Précédemment nous avons constaté que la musique très politisée, c’est-à-dire celle qui s’inscrit dans les problèmes de son temps, est condamnée dans une période précise et ne peut prétendre à une certaine universalité attribuée facilement à d’autres œuvres. On peut alors en déduire que la musique, à but politique, ne semble être qu’un témoignage d’une période donnée au même titre qu’un tract, qu’une image d’archive, qu’un journal ou un site Internet et donc se condamne d’elle-même à n’être qu’un support.
Bibliographie :
-Rock et politique de Anne Benetollo
-République de Platon (III, 401 c-402 a)
-Le monde comme Volonté et comme Représentation de Shopenhauer (livre III, ch. 52)
-Critique de la faculté de juger de Kant
-L’Obvie et L’obtus de Roland Barthes (musica pratica)

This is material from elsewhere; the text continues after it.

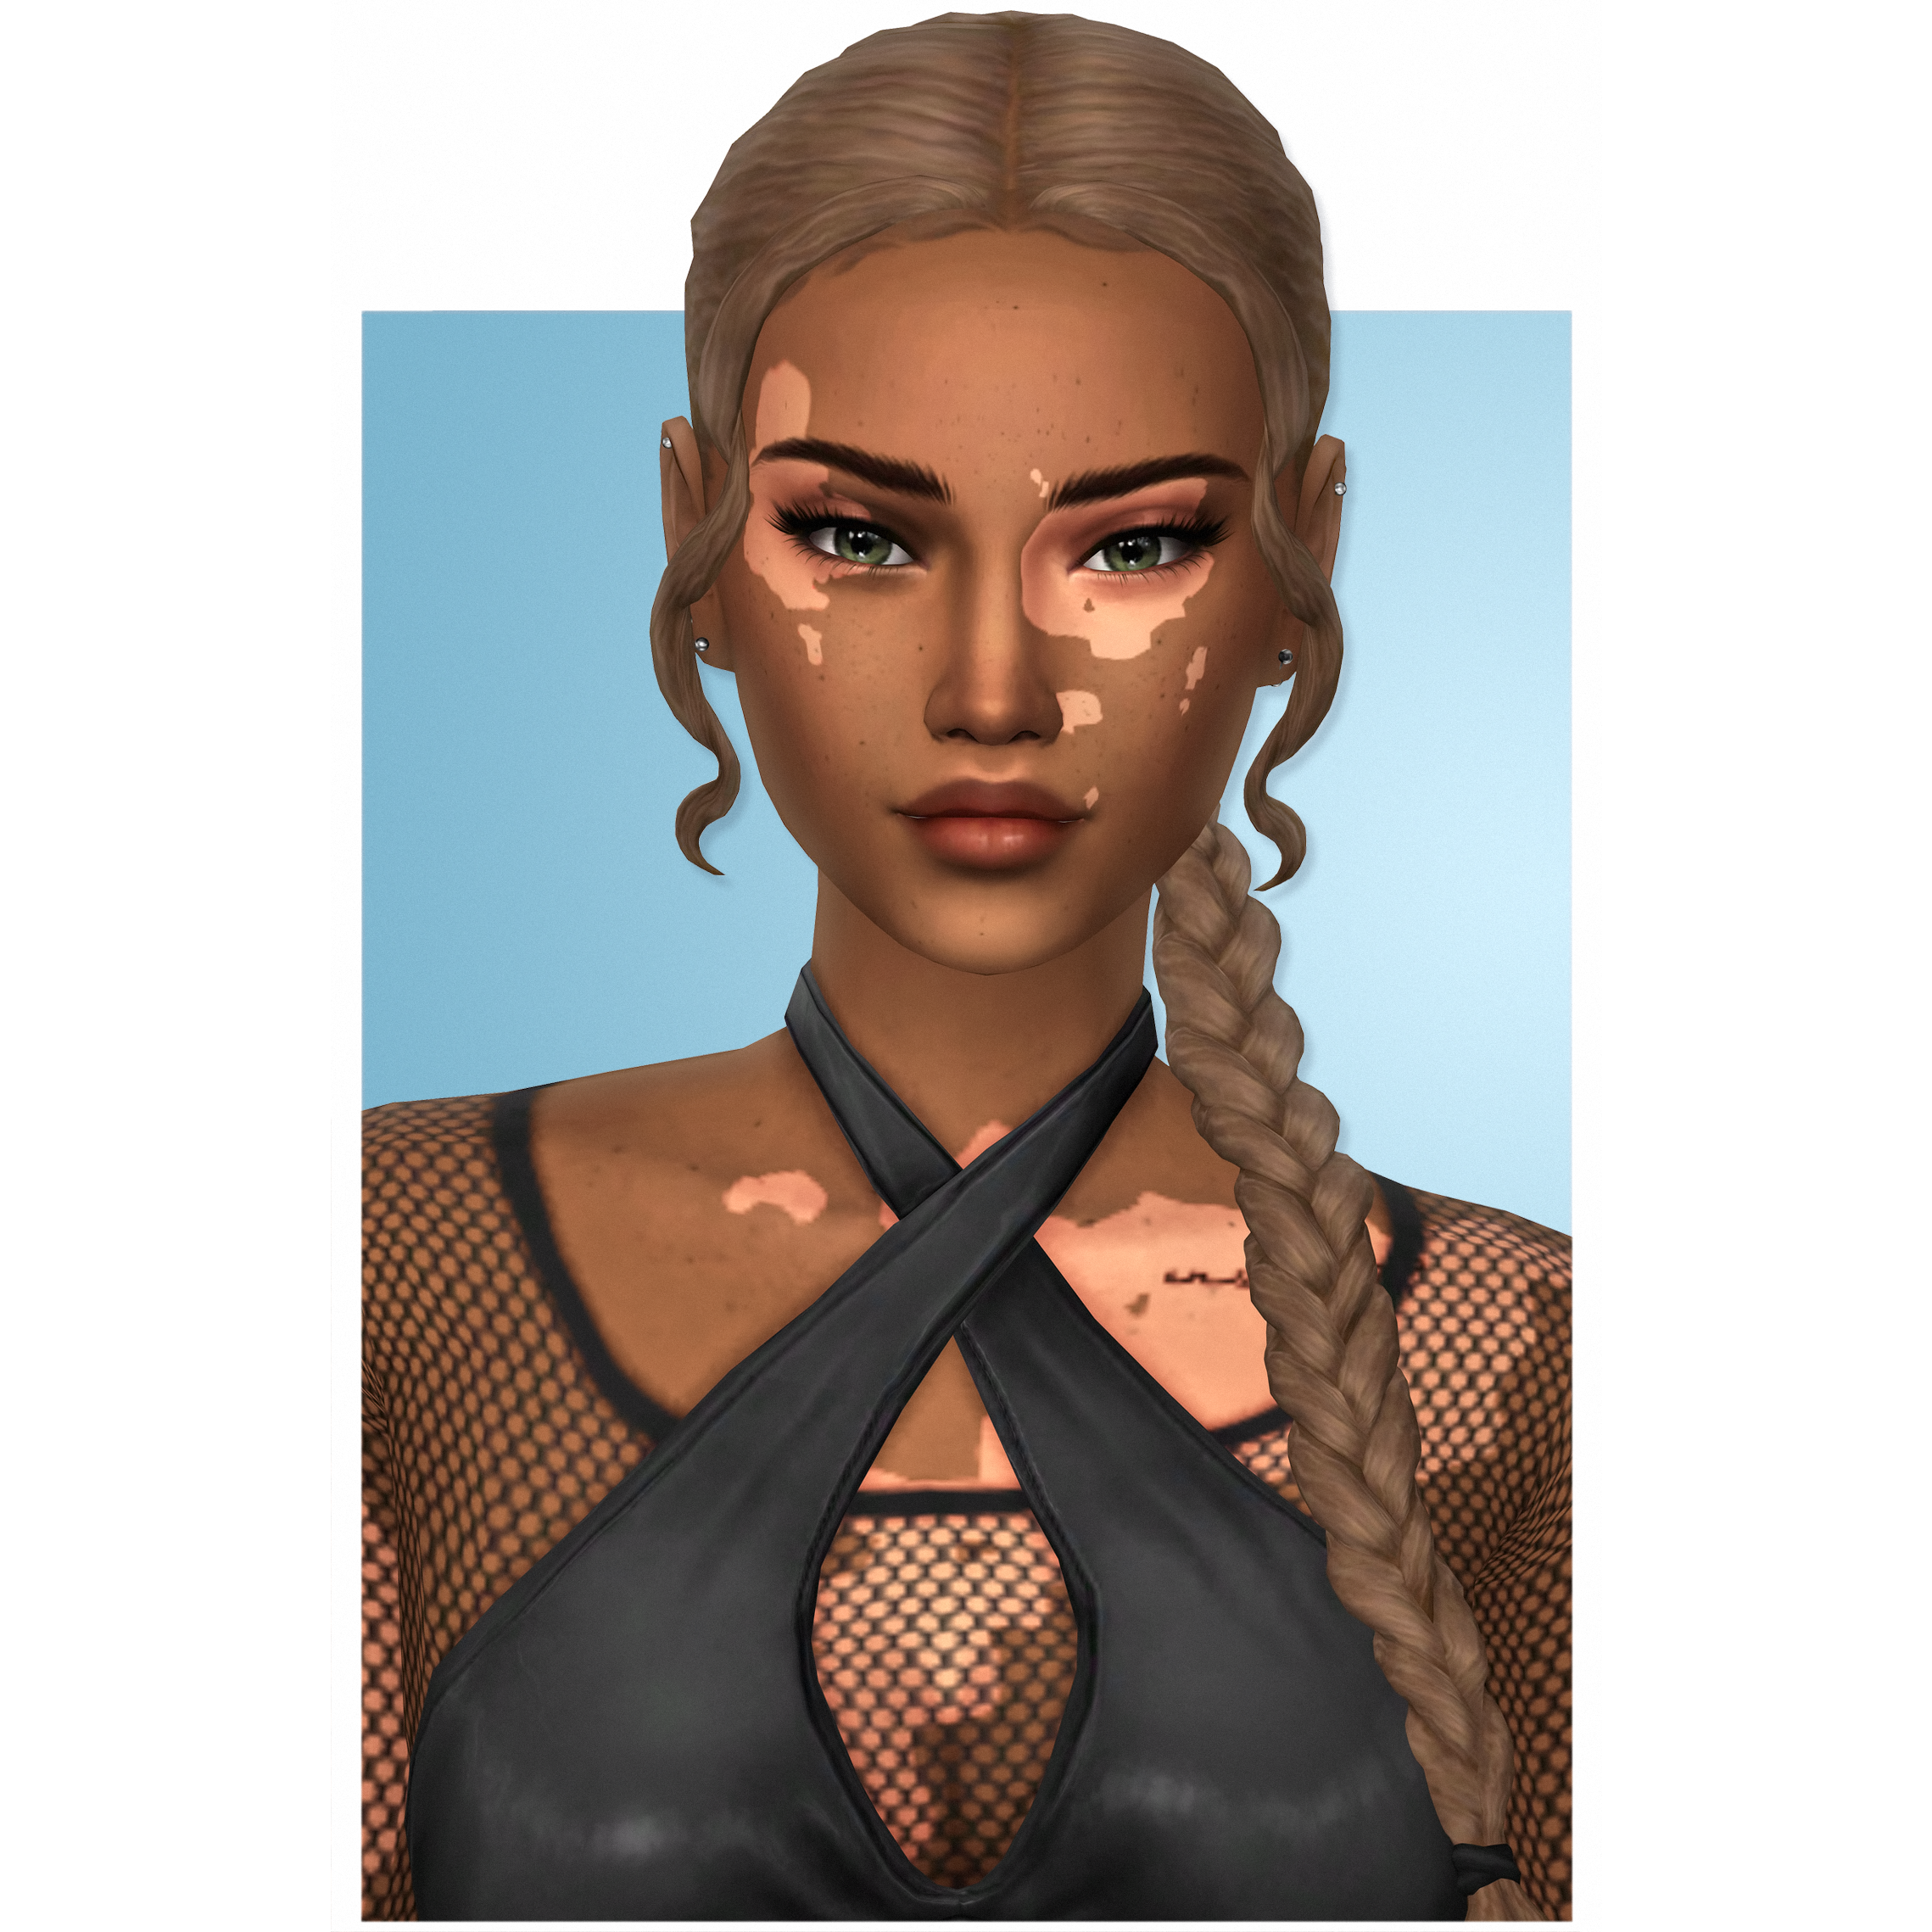 AxA Angel - The Sims 4 Create a Sim - CurseForge

-Musique, politique, religion : de quelques menus objets de culture de Jacques Cheyronnaud et préface de Jean-Louis Fabianni
Traduction de l’hymne à la joie :
http://www.symphozik.info/index.php?page=dhepa_ode-a-la-joie
















C’est plutot clair comme travail, une bonne base pour une thèse en ethnomusicologie. Le seul passage pas bien clair c’est les quelques lignes où tu différencie RAC Oi! punk et RAR.